The defendants in error, Griffith and Boyd, execution creditors of J. D. Freitas, the husband of the plaintiff in error, M. J. Freitas, issued a summons against her under *344section 3609 of the Code, in which they suggested that by reason of the lien of their fieri facias there was a liability on her for the amount of their judgment. On the return day of the summons, the garnishee answered, denying that she was either indebted to J. D. Freitas or had any effects belonging to him in her possession. Whereupon, the plaintiffs suggested that the garnishee had not fully disclosed her liability, and neither party demanding a jury, the court proceeded to hear the whole matter of law and fact, and being of opinion that certain personal property in the possession of and claimed by the wife as her own, of the éstimated value of $500, had been transferred by the husband to the wife in fraud of the rights of the plaintiffs, rendered judgment against her for that sum, to be applied towards satisfying the plaintiff’s judgment.

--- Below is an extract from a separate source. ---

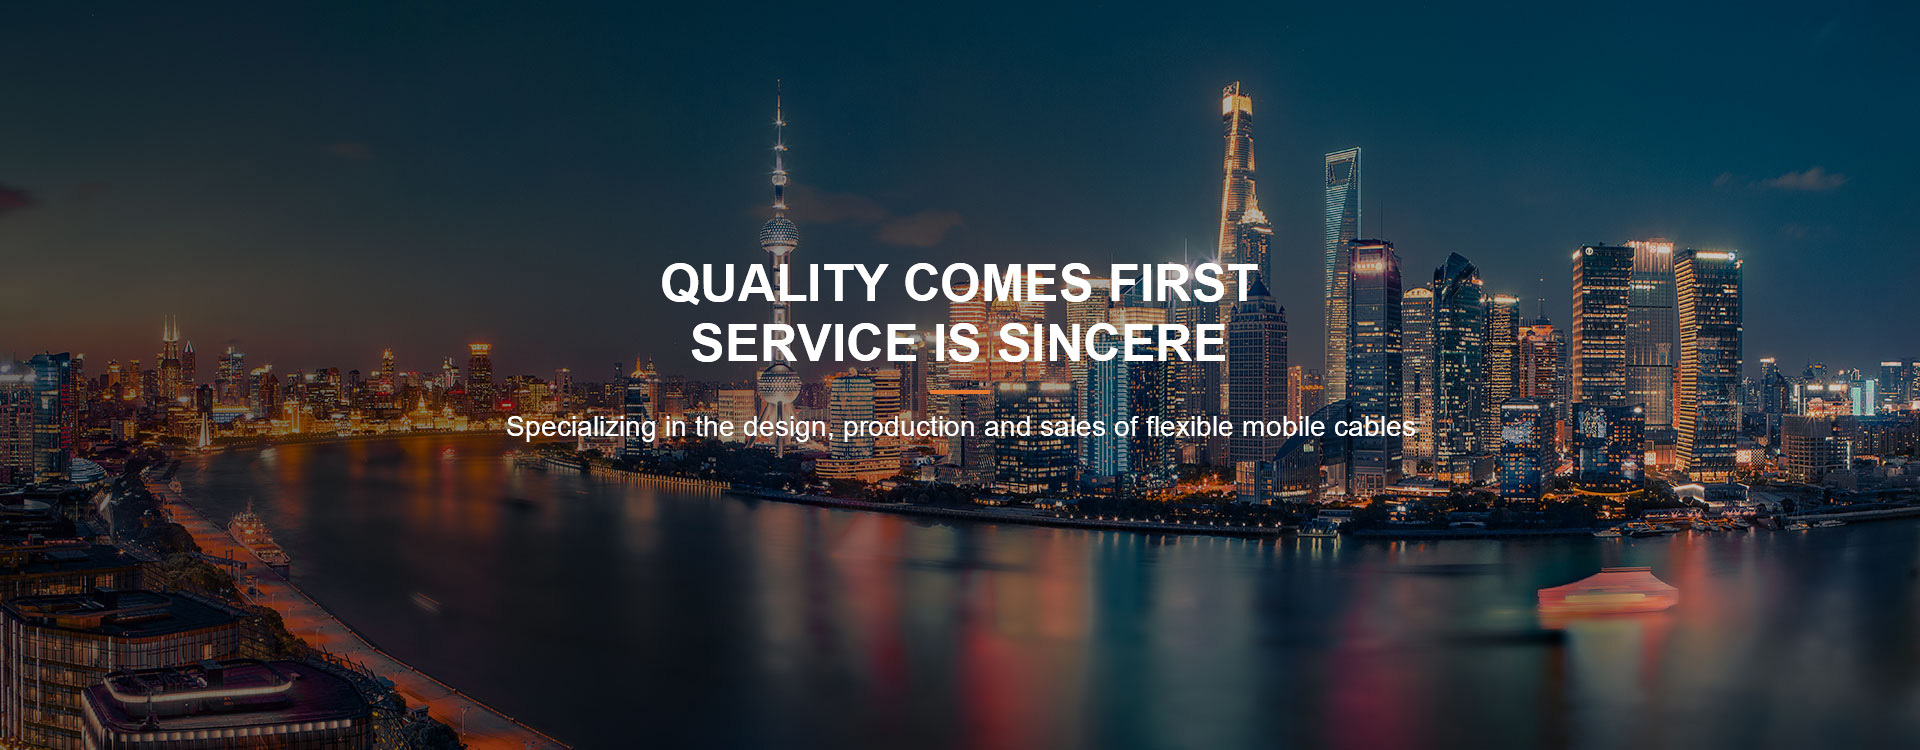 QUALITY COMES FIRST, SERVICE IS SINCERE

Several assignments of error were pressed in argument, but, in our view of the case, the controlling question involves the power of the circuit court, in a summons on suggestion by an execution creditor of a husband, to set aside an alleged fraudulent transfer of personal property from him to the wife.
Proceedings on suggestion are prescribed by sections 3609 to 3613 of the Code, inclusive, and by the terms of these enactments the court can make no order against the party summoned unless he is found to be either indebted to the execution debtor, or to have estate of such debtor in his possession. In the present case, neither of these conditions were shown to exist. It was not pretended that the garnishee was indebted to the execution debtor, or that she had estate of the defendant in her hands. Indeed, the fact was gravely controverted, whether the property in question had ever belonged to the husband. On the contrary, the wife asserted absolute title to the property, which she maintained had been in her undisputed posession for years, and .used by her on her farm near the city of Norfolk.

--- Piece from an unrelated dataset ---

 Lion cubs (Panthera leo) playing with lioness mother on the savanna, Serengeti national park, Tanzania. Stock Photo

*345Conceding, however, for the purpose of this case, that the property originally belonged to the husband, and was transferred by him to the wife, the transfer, nevertheless, would have been binding upon the husband, and he could not have maintained a suit against the wife for its recovery. The statute does not contemplate or operate upon estate in possession of the garnishee to which he has title, but only estate of the execution debtor for the recovery of which he may maintain an action in his own behalf against the holder. The law, in one form or another, makes ample provision for the recovery and subjection of all the debtor’s personal estate on which the writ of fieri facias is a lien; but this special procedure by suggestion is available only in the two instance's mentioned in the statute. It affords no remedy for the enforcement of purely equitable liabilities. Section 3614 provides an efficient remedy, by action at law or suit in equity in the name of the officer, to recover estate, or for the enforcement of any liability in respect to any such estate on which a fieri facias in his hands, or the judgment on which it issues, is a lien.

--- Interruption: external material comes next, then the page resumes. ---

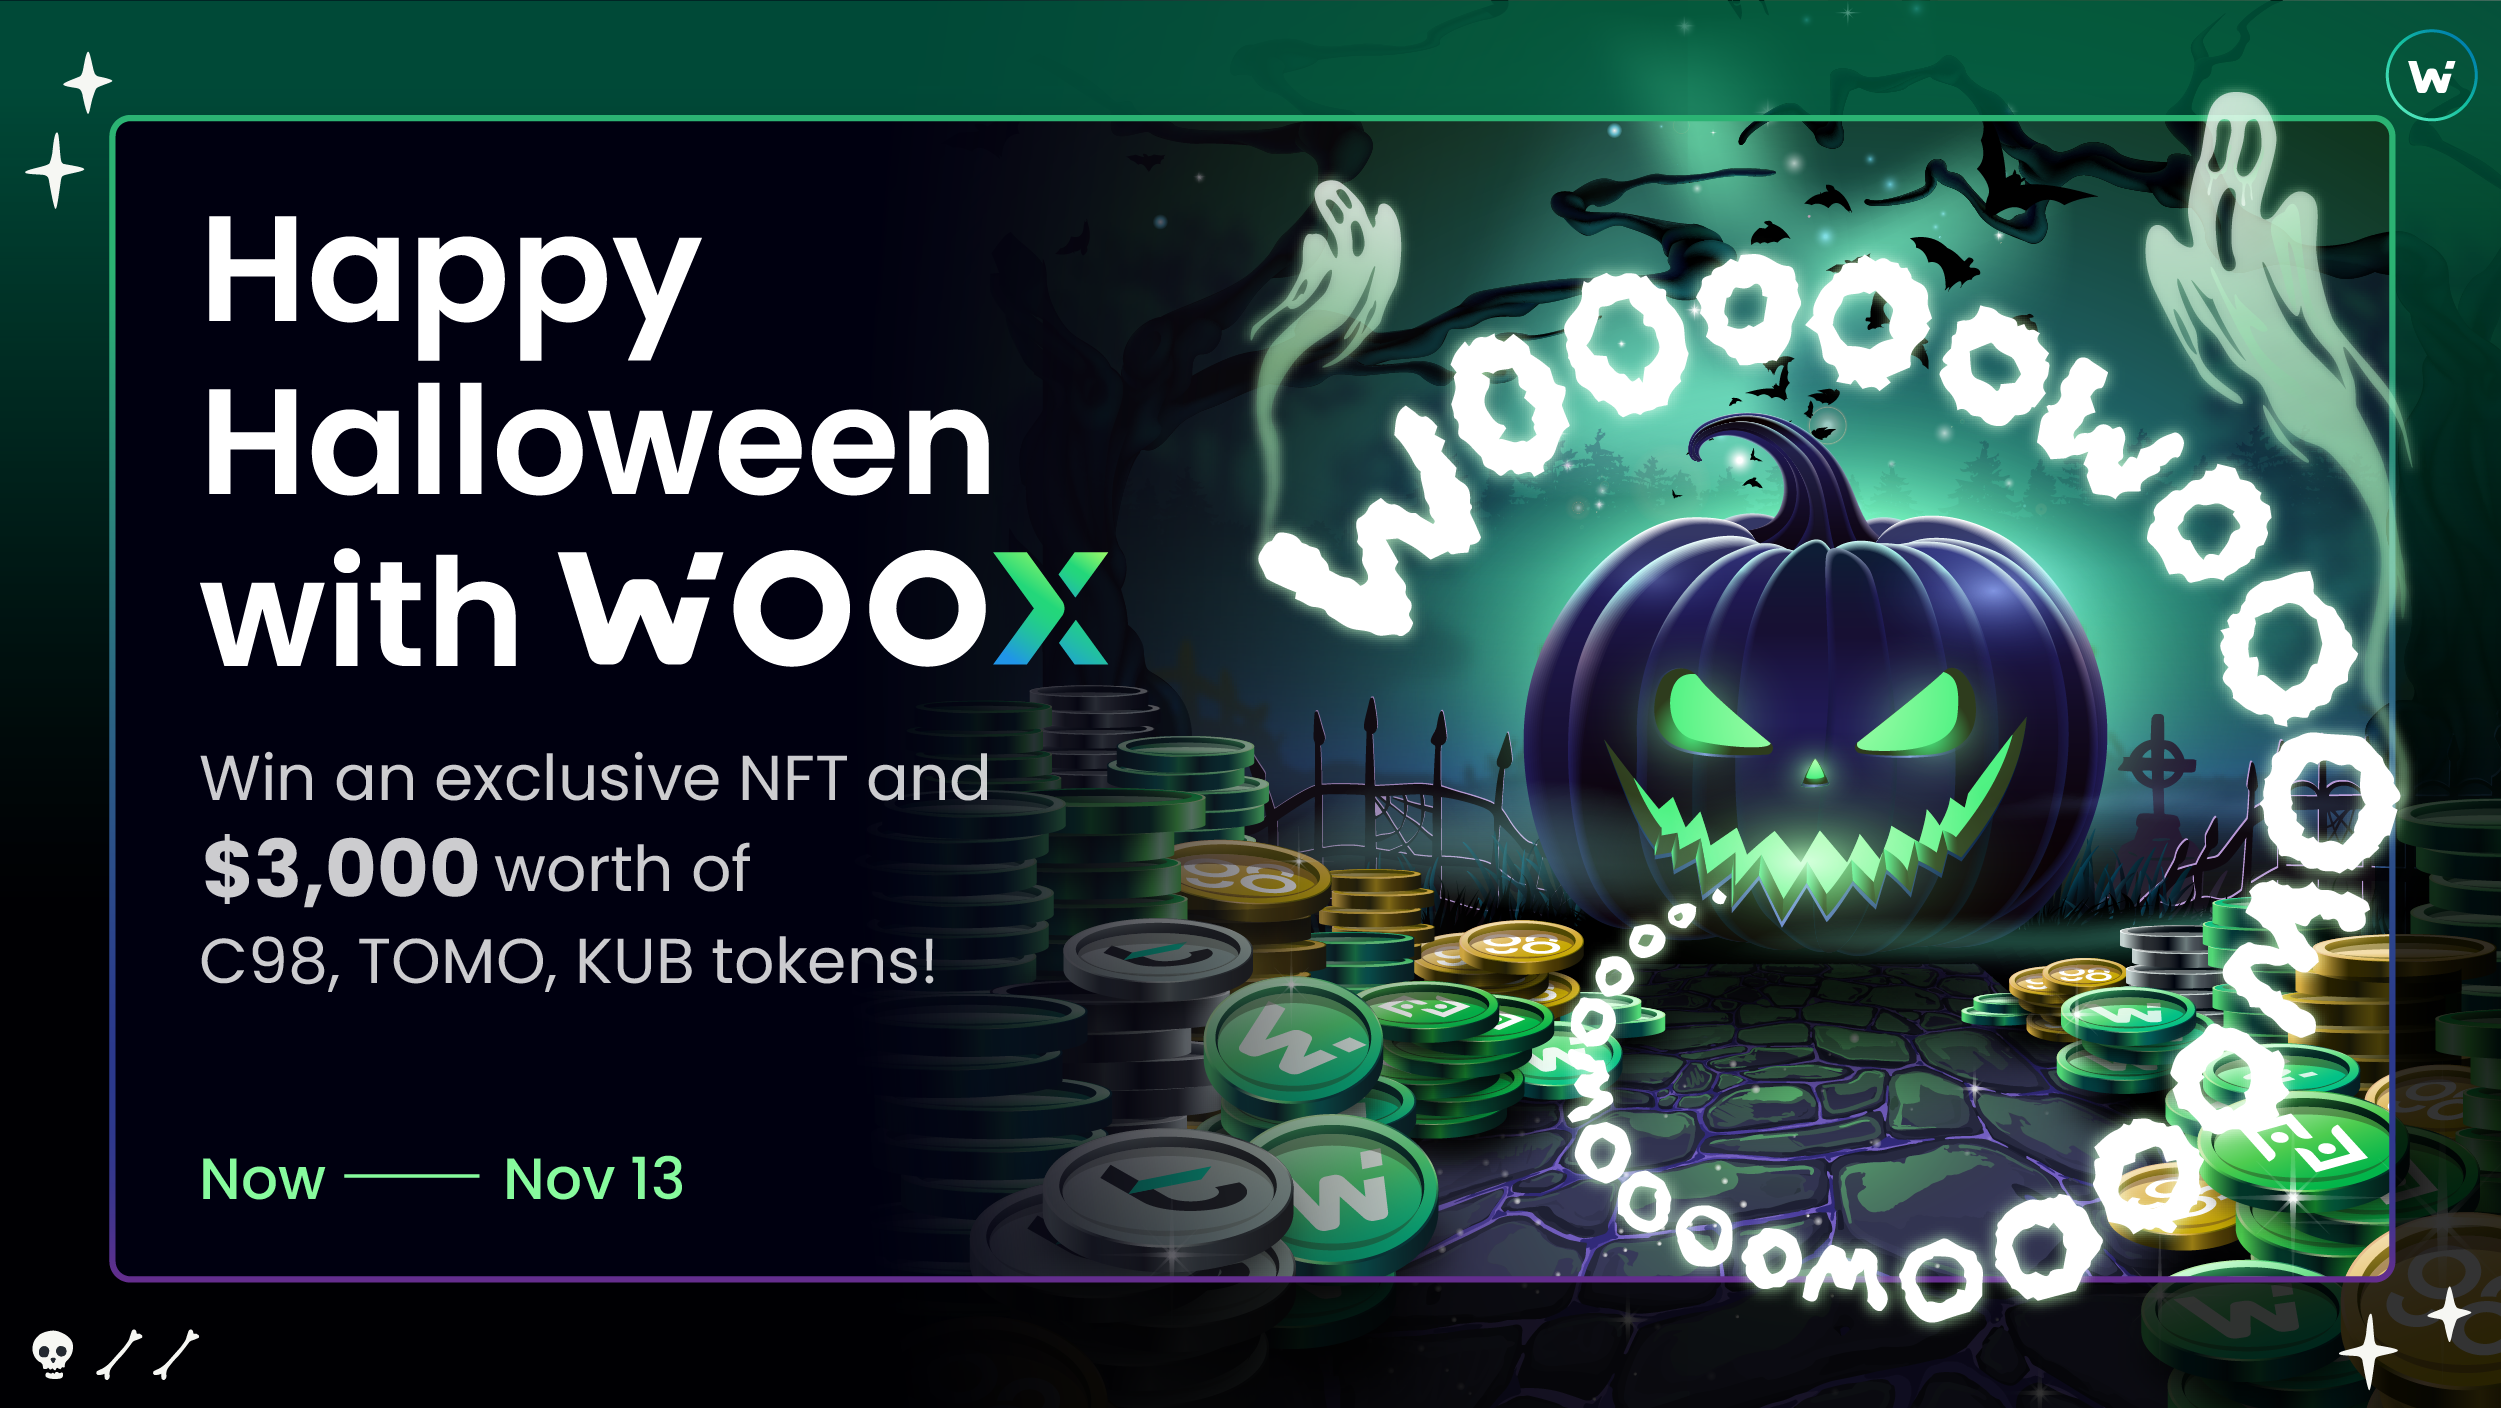 Celebrate Halloween with WOO X to win an Exclusive NFT and Tokens

In Swann v. Summers, 19 W. Va. 115, the West Virginia court in construing sections of the Code of that State substantially the same as the Virginia statute, held that in a proceeding on suggestion the court could make no order against the garnishee, unless he owes a debt to the defendant in execution, or has in his hands personal estate of such defendant, for which debt or estate the defendant could maintain an action at law. Otherwise, suit would have to be brought under a statute corresponding to section 8614 of the Virginia Code.
In addition to the remedy given by section 3614, it was held, in Hoge v. Turner, 96 Va. 624, 32 S. E. 291, that, “Creditors seeking to avoid a conveyance of personal property from a husband to a wife on the ground of fraud, may either sue in equity to avoid the conveyance and subject the *346property, or they may ignore the conveyance, and, after obtaining judgment, levy an execution on the property and sell it. In the latter case, if the wife claims the property levied on for her husband’s debts and an indemnifying bond is given for her protection, she may assert her claim by a suit on the indemnifying bond.” Citing Harvey v. Fox, 5 Leigh 444; Green, Trustee, v. Spaulding, 76 Va. 411; 4 Min. Inst. (1st ed.) 818.
For these reasons, the judgment under review must be reversed, and this court will enter such judgment as the circuit court ought to have rendered, dismissing the proceeding.
Reversed.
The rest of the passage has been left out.